CORD: Bridging the Audio-Text Reasoning Gap via Weighted On-policy Cross-modal Distillation
- URL: http://arxiv.org/abs/2601.16547v1
- Date: Fri, 23 Jan 2026 08:31:24 GMT
- Title: CORD: Bridging the Audio-Text Reasoning Gap via Weighted On-policy Cross-modal Distillation
- Authors: Jing Hu, Danxiang Zhu, Xianlong Luo, Dan Zhang, Shuwei He, Yishu Lei, Haitao Zheng, Shikun Feng, Jingzhou He, Yu Sun, Hua Wu, Haifeng Wang,
- Abstract summary: We propose CORD, a unified alignment framework that performs online cross-modal self-distillation.<n>Specifically, it aligns audio-conditioned reasoning with its text-conditioned counterpart within a unified model.<n> Empirical results across multiple benchmarks demonstrate that CORD consistently enhances audio-conditioned reasoning.
- Score: 32.72685791637924
- License: http://arxiv.org/licenses/nonexclusive-distrib/1.0/
- Abstract: Large Audio Language Models (LALMs) have garnered significant research interest.
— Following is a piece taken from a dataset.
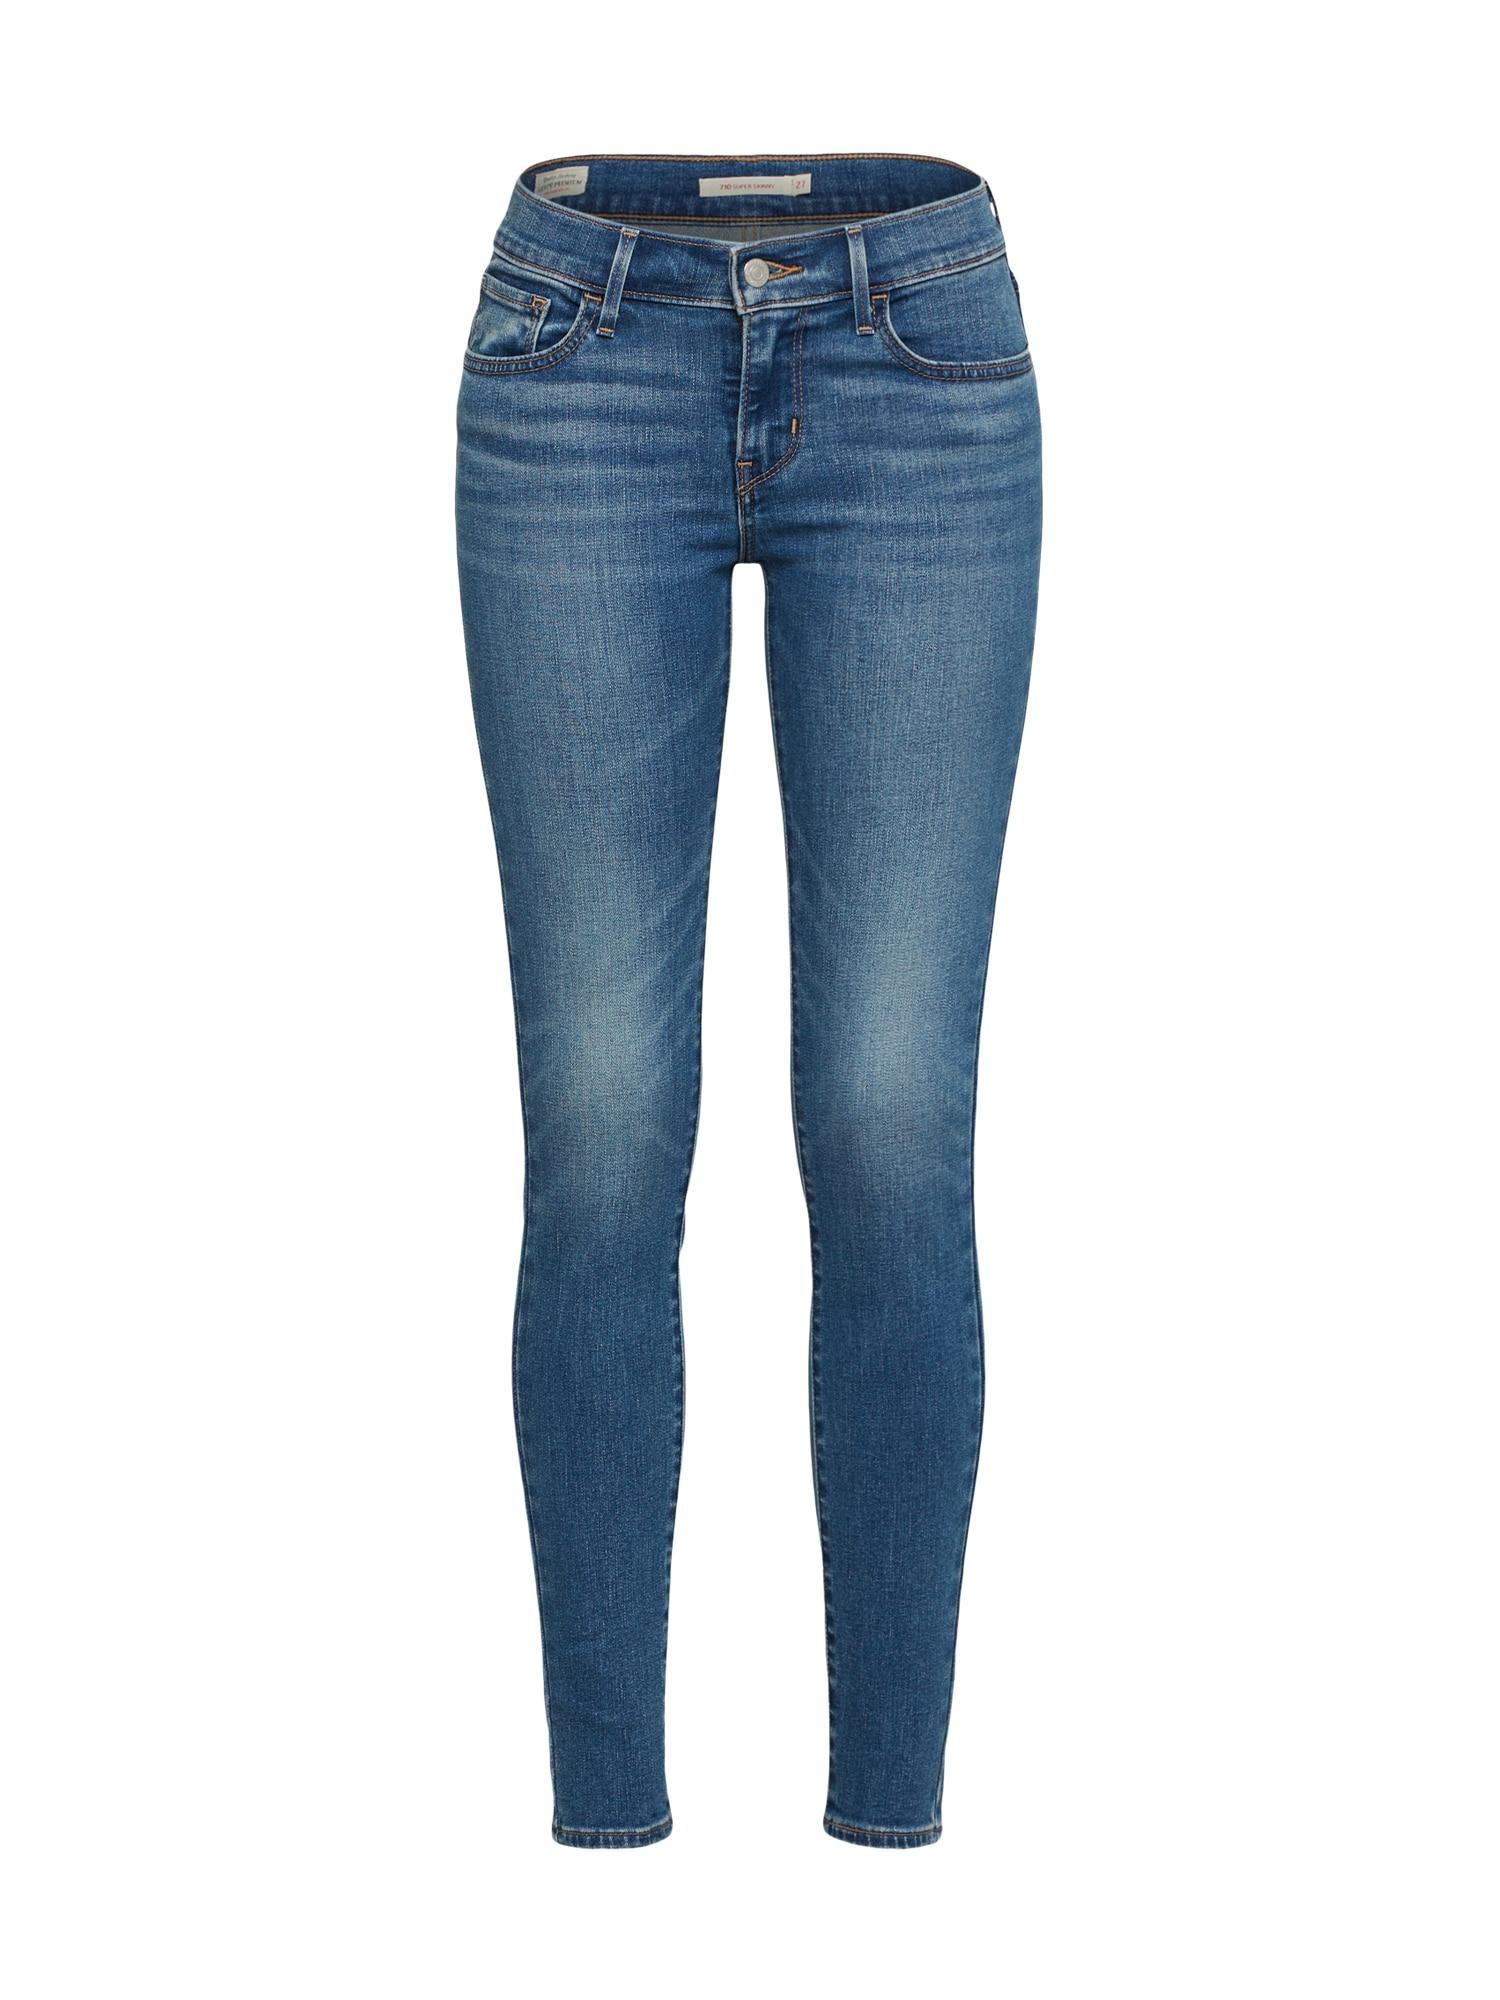 LEVI'S Dames Jeans 710 SUPER SKINNY blauw denim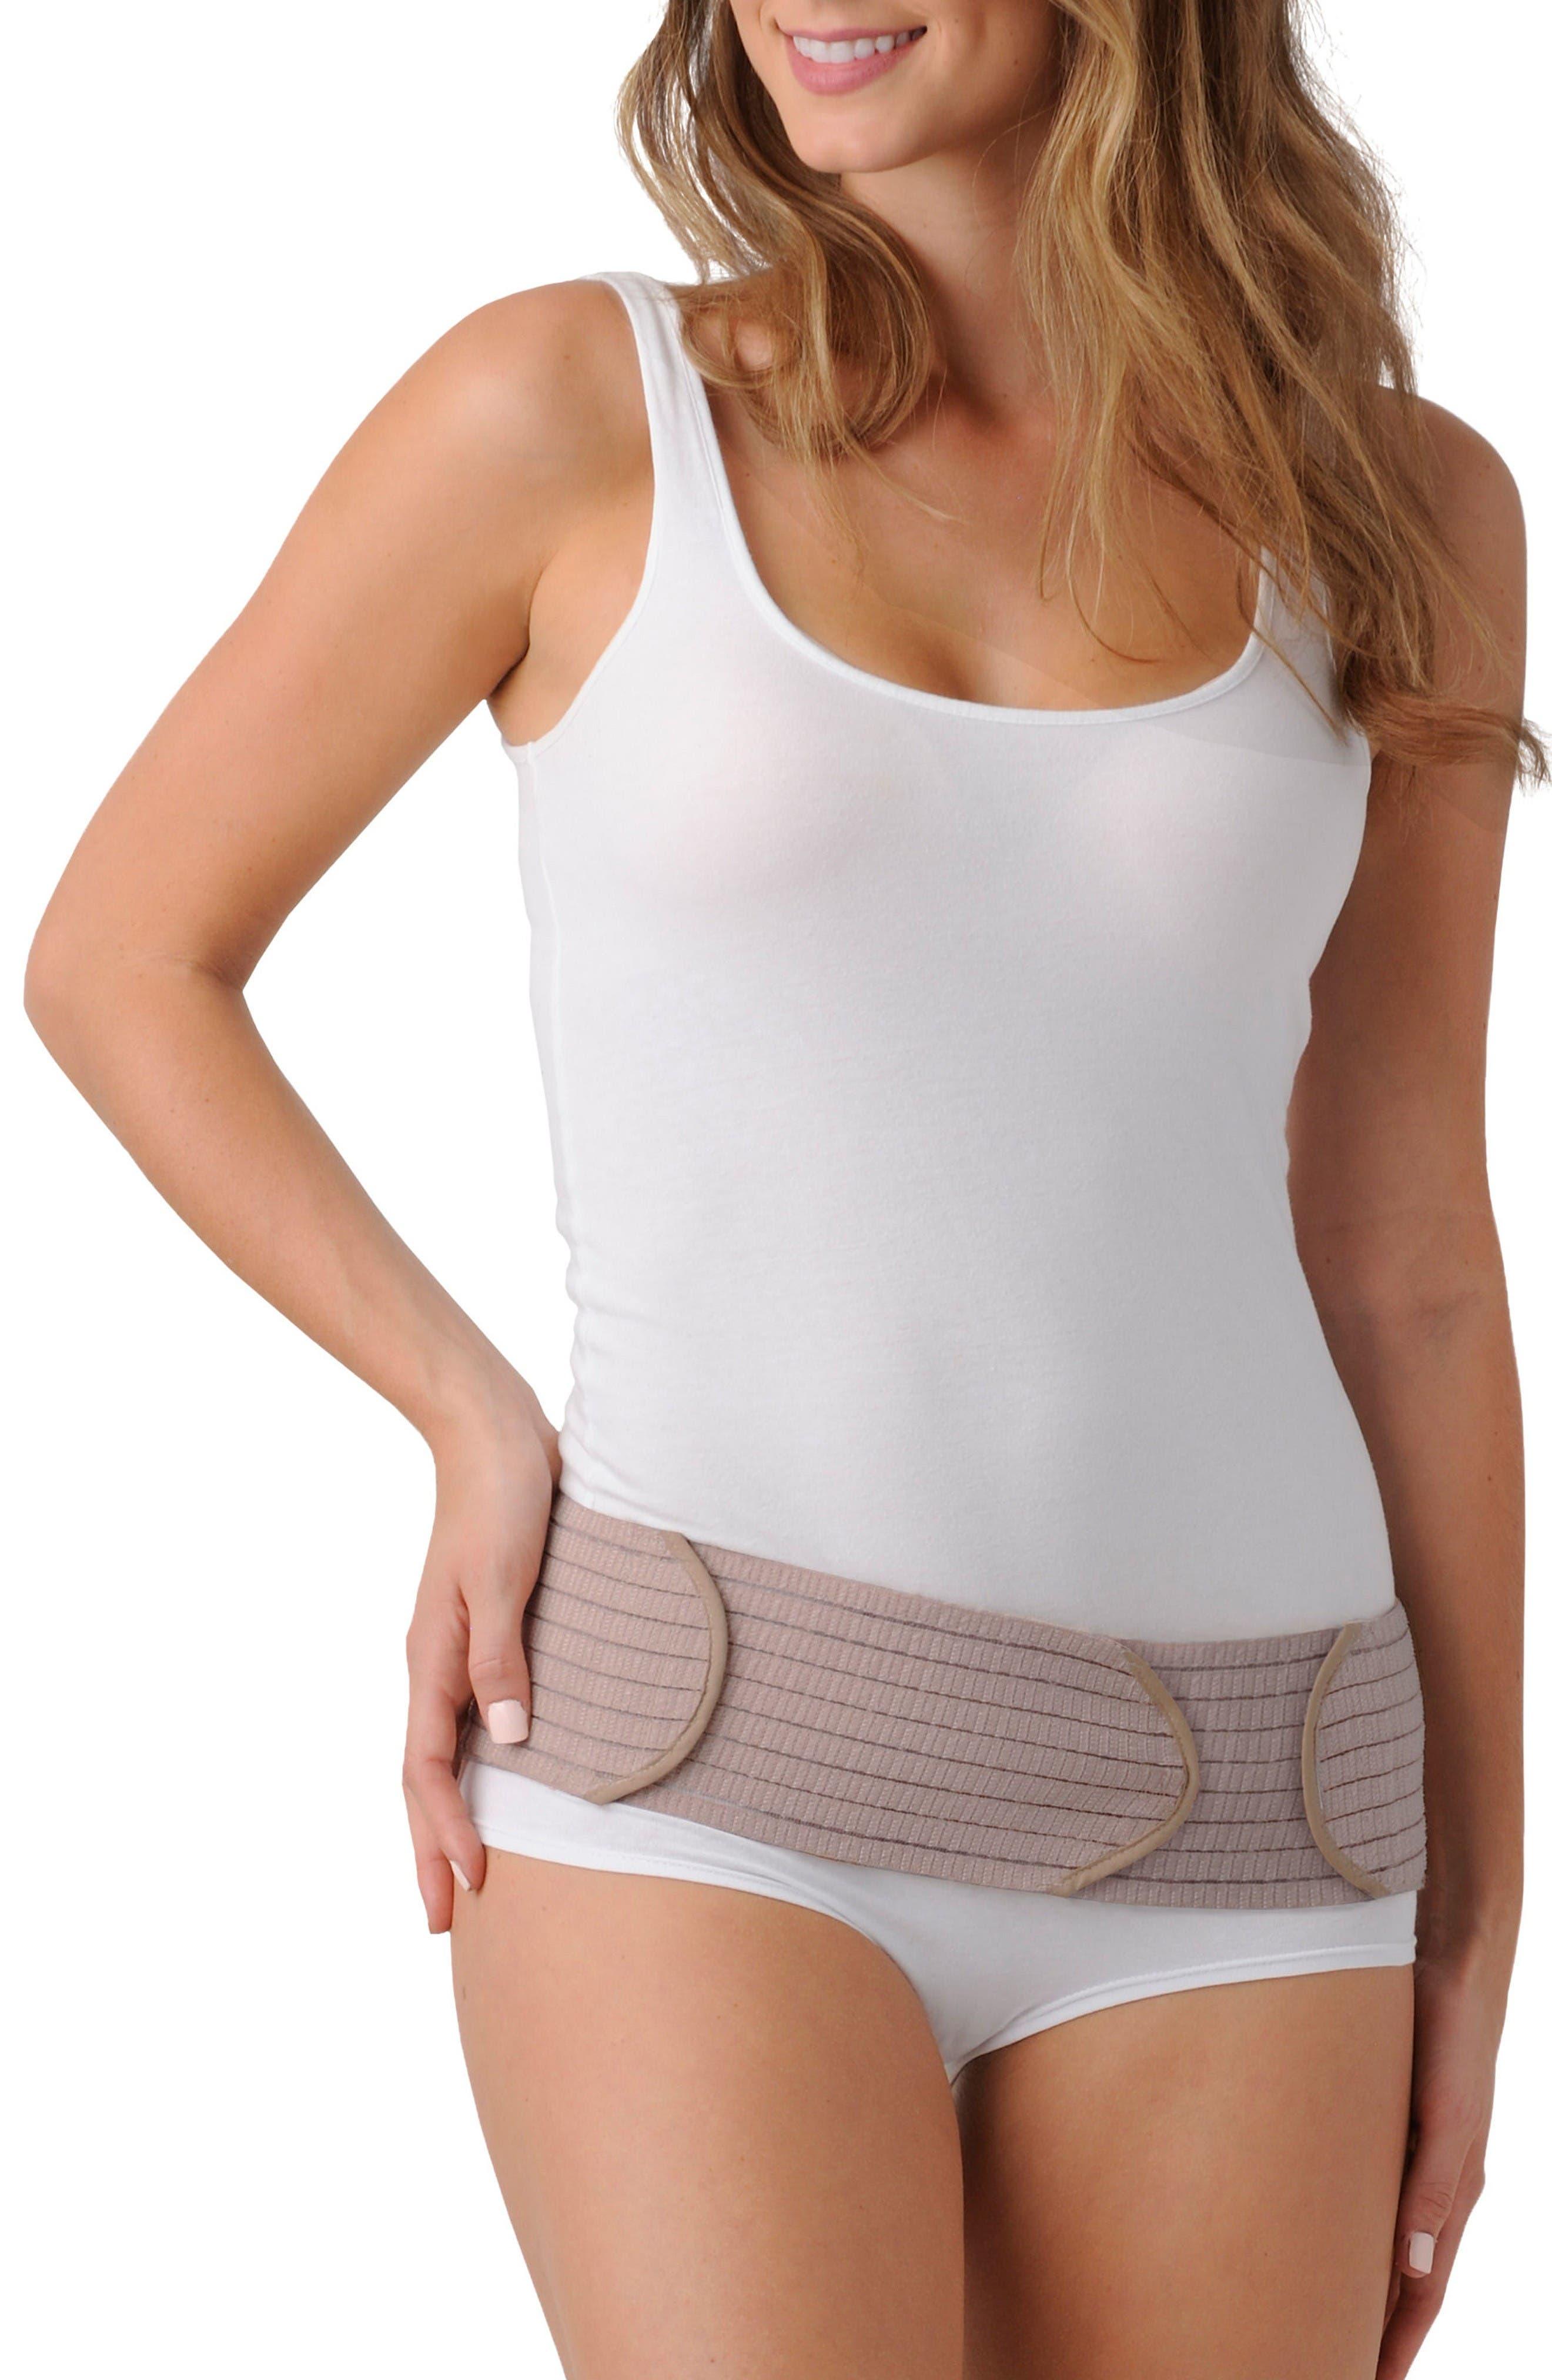 Belly Bandit® 2-in-1 Pregnancy & Post Pregnancy Belly Wrap

Despite being built upon text-based large language models (LLMs), LALMs frequently exhibit a degradation in knowledge and reasoning capabilities. We hypothesize that this limitation stems from the failure of current training paradigms to effectively bridge the acoustic-semantic gap within the feature representation space. To address this challenge, we propose CORD, a unified alignment framework that performs online cross-modal self-distillation. Specifically, it aligns audio-conditioned reasoning with its text-conditioned counterpart within a unified model. Leveraging the text modality as an internal teacher, CORD performs multi-granularity alignment throughout the audio rollout process. At the token level, it employs on-policy reverse KL divergence with importance-aware weighting to prioritize early and semantically critical tokens. At the sequence level, CORD introduces a judge-based global reward to optimize complete reasoning trajectories via Group Relative Policy Optimization (GRPO). Empirical results across multiple benchmarks demonstrate that CORD consistently enhances audio-conditioned reasoning and substantially bridges the audio-text performance gap with only 80k synthetic training samples, validating the efficacy and data efficiency of our on-policy, multi-level cross-modal alignment approach.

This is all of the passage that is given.